> [SUPPLIED MATERIAL]:
╔══

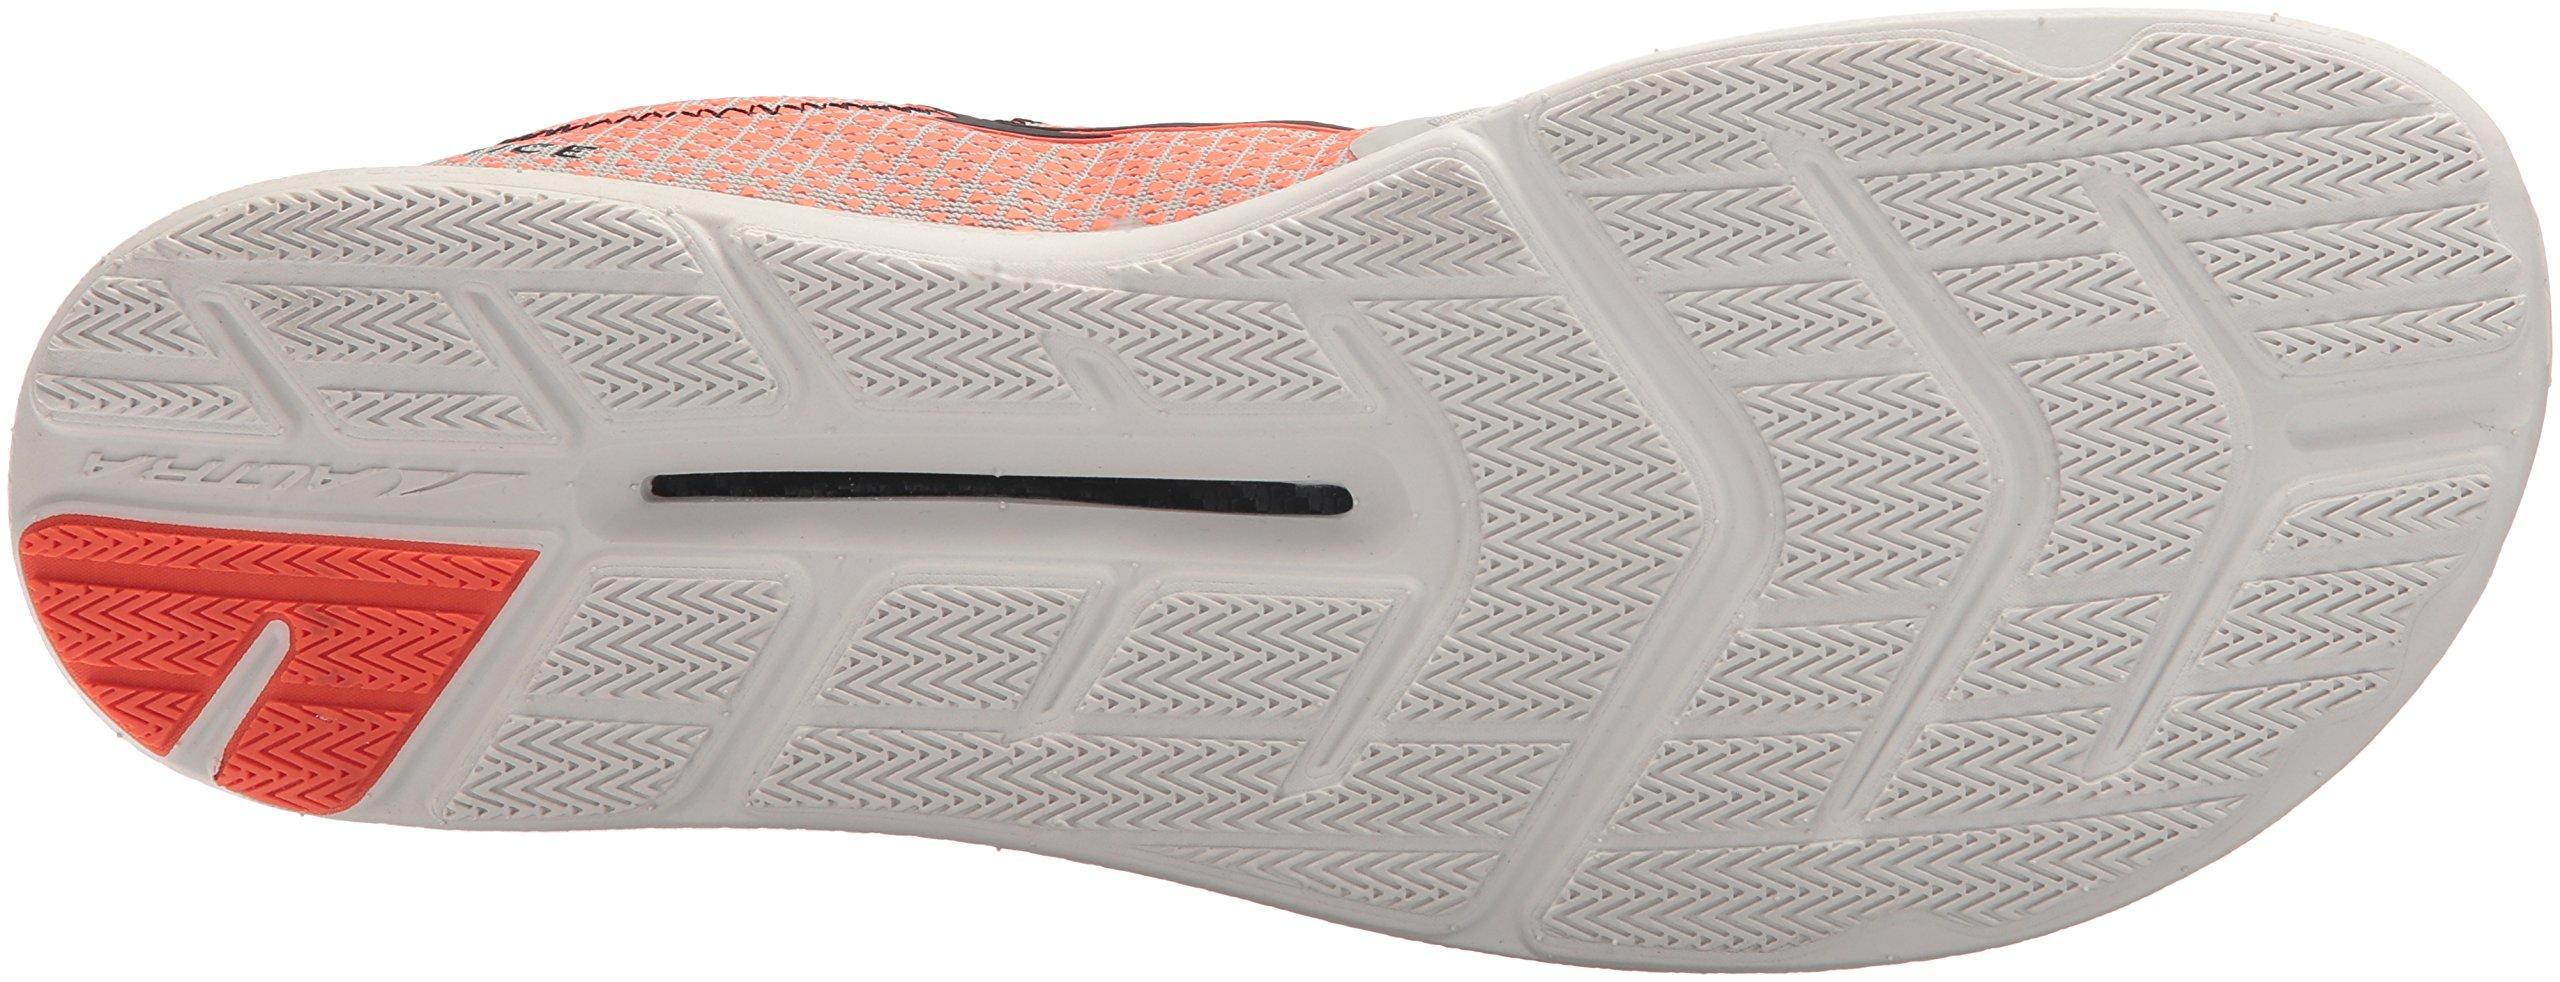 Altra Men's Solstice Sneaker, Orange, 7 Regular US by Altra (Image #3)
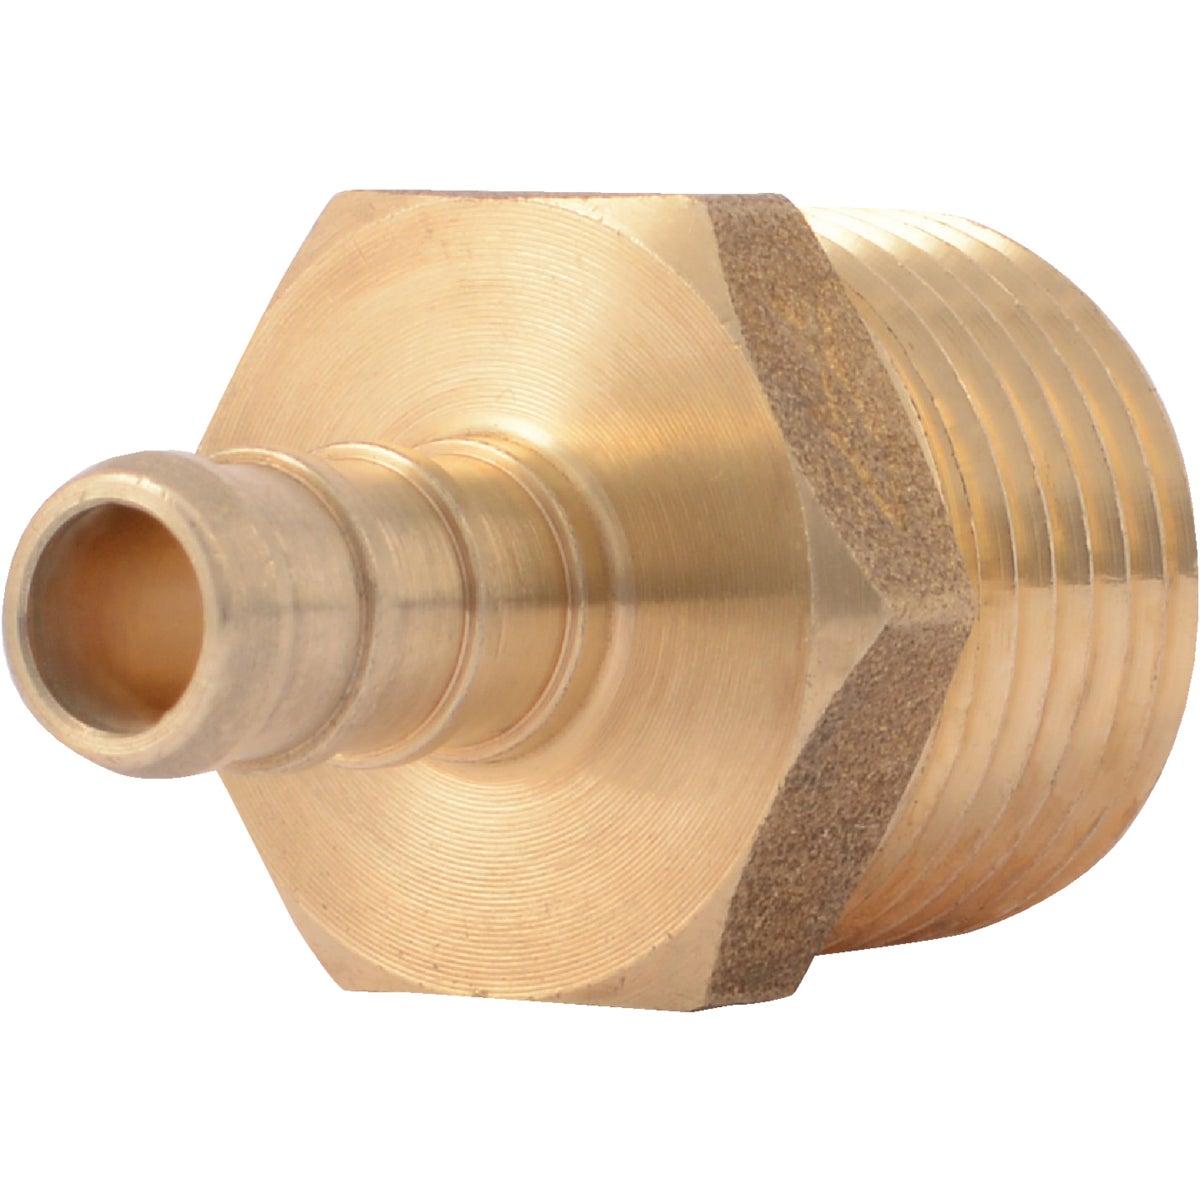 3/8CFX1/2MPT BRS ADAPTER - LF P-511 by Watts Regulator Co
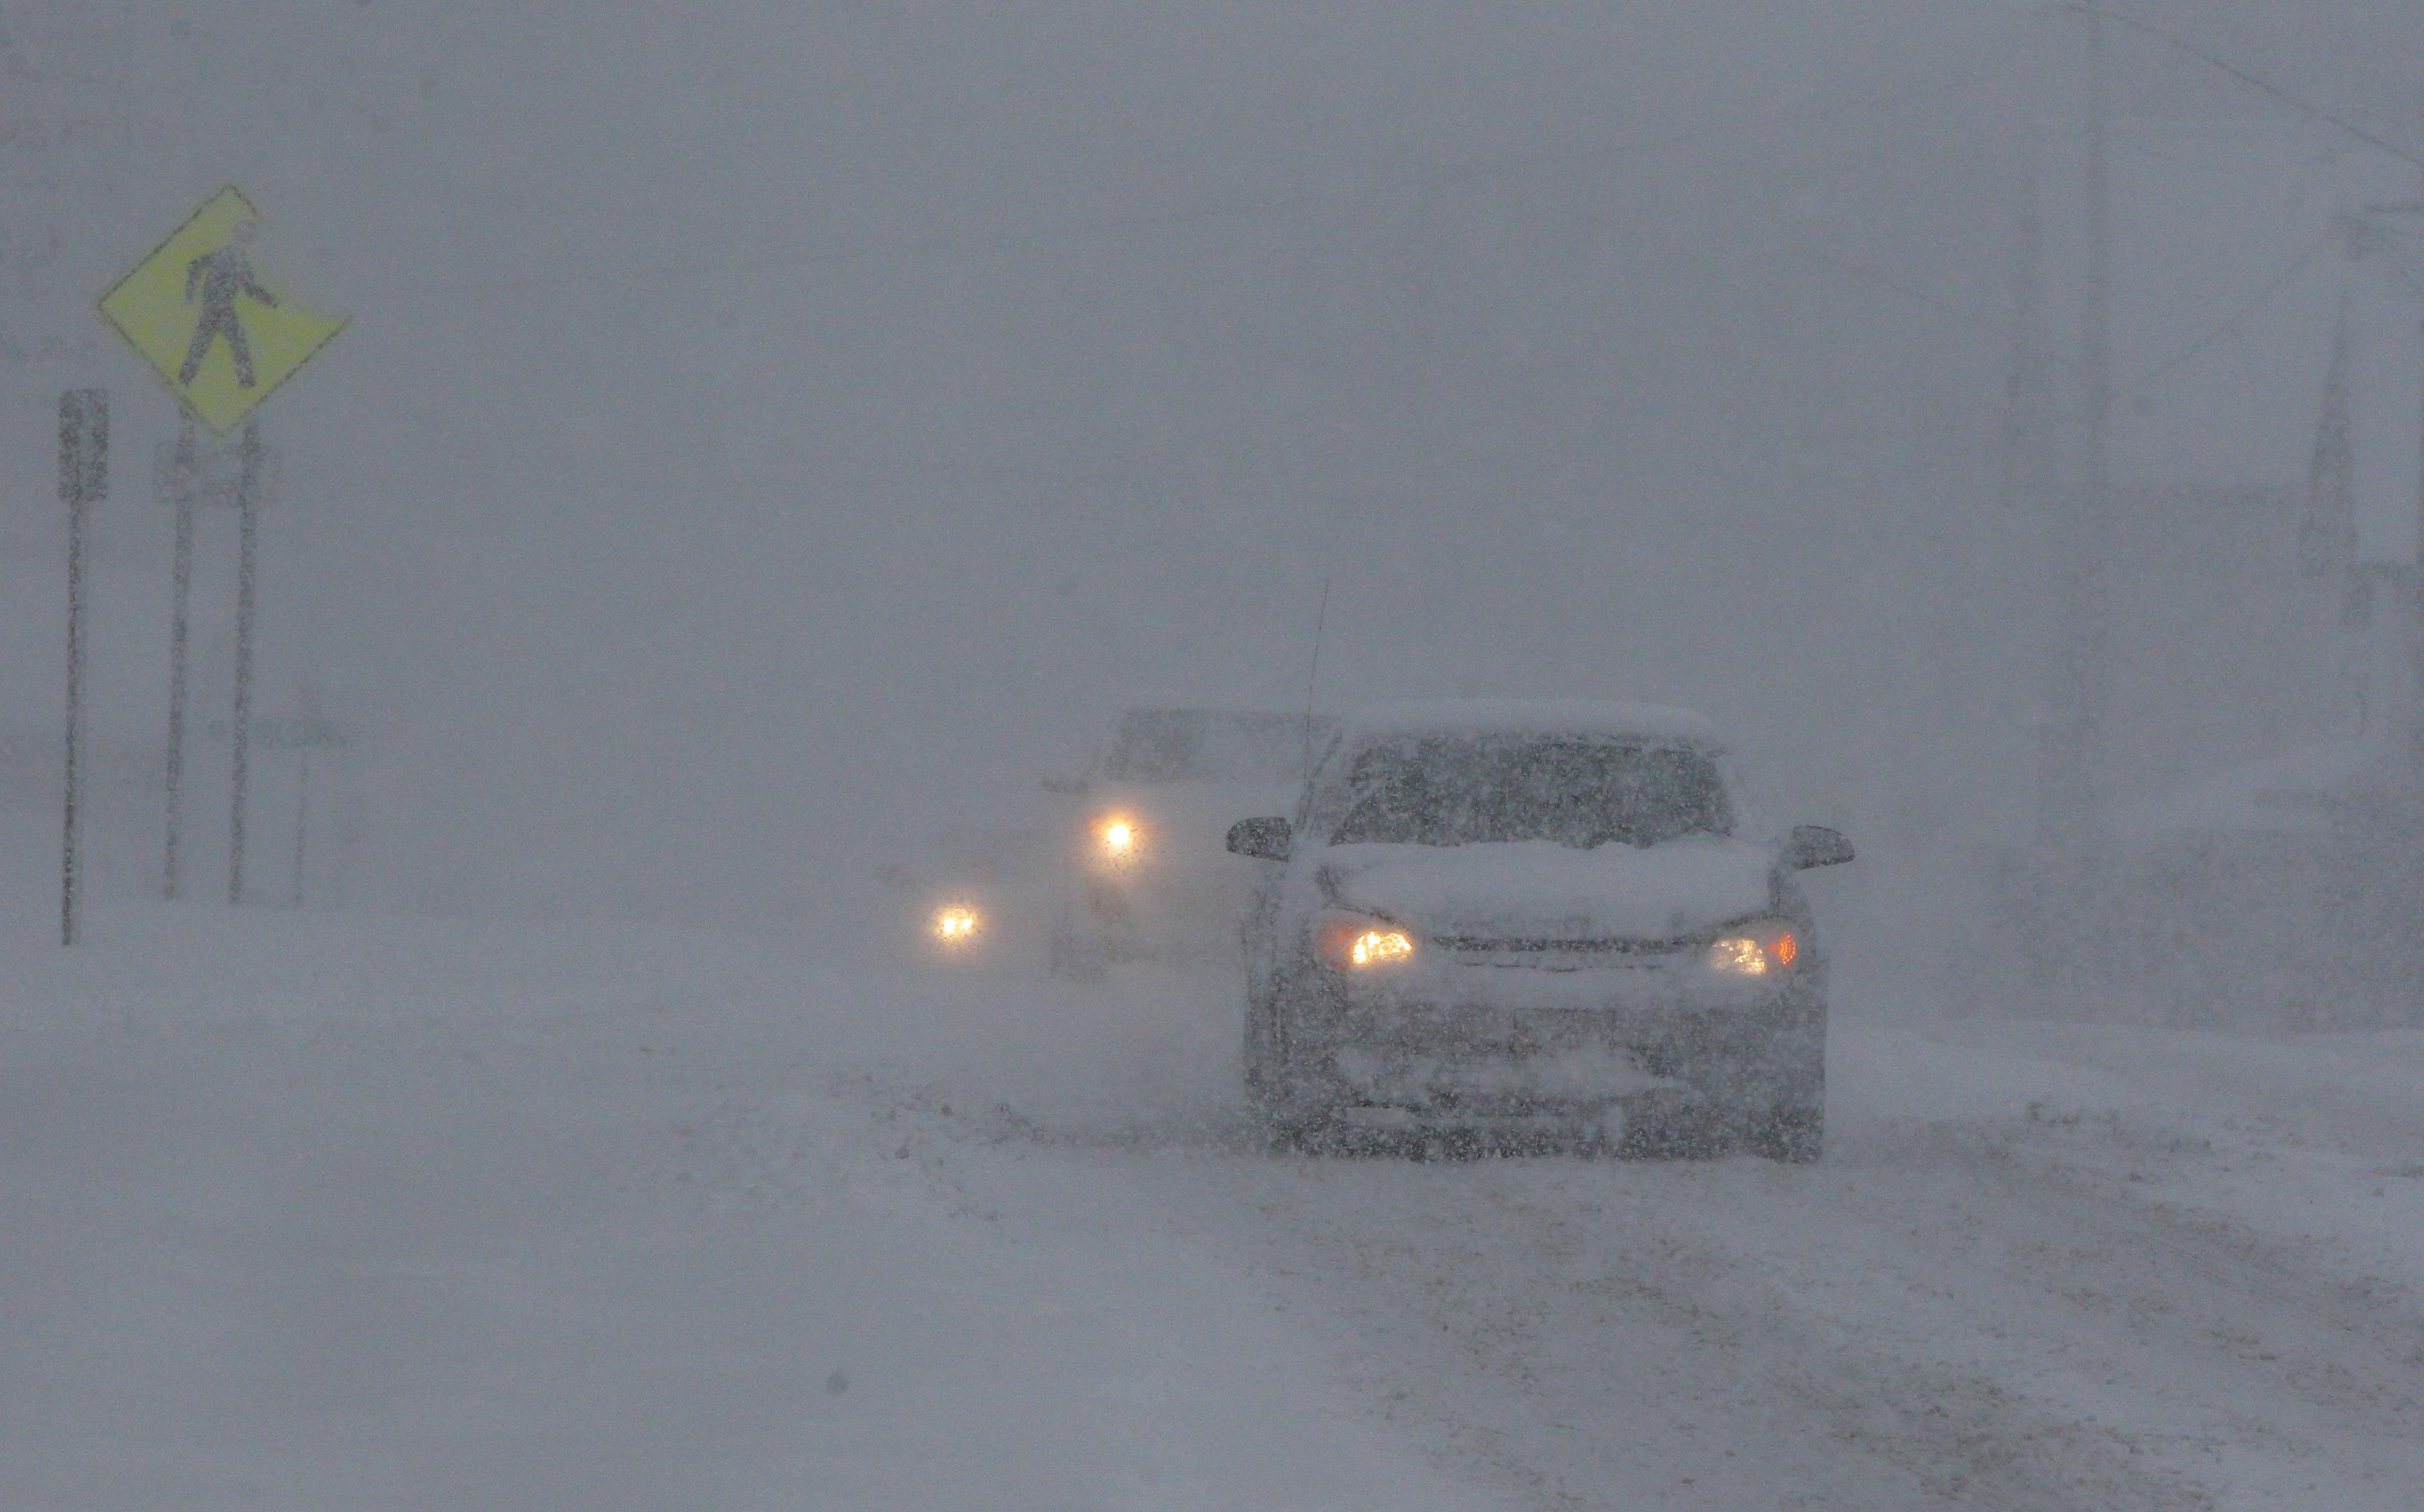 Falling snow makes the travel slow on Main Street in Springville on Thursday, December 8, 2016.    (Mark Mulville/The Buffalo News)

╚══

> [TASK ITEM]:
Reproduce every line of the material precisely, omitting its pictures.

> [EXERCISE RESPONSE]:
 Altra Men's Solstice Sneaker, Orange, 7 Regular US by Altra (Image #3)
 3/8CFX1/2MPT BRS ADAPTER - LF P-511 by Watts Regulator Co
 Falling snow makes the travel slow on Main Street in Springville on Thursday, December 8, 2016.    (Mark Mulville/The Buffalo News)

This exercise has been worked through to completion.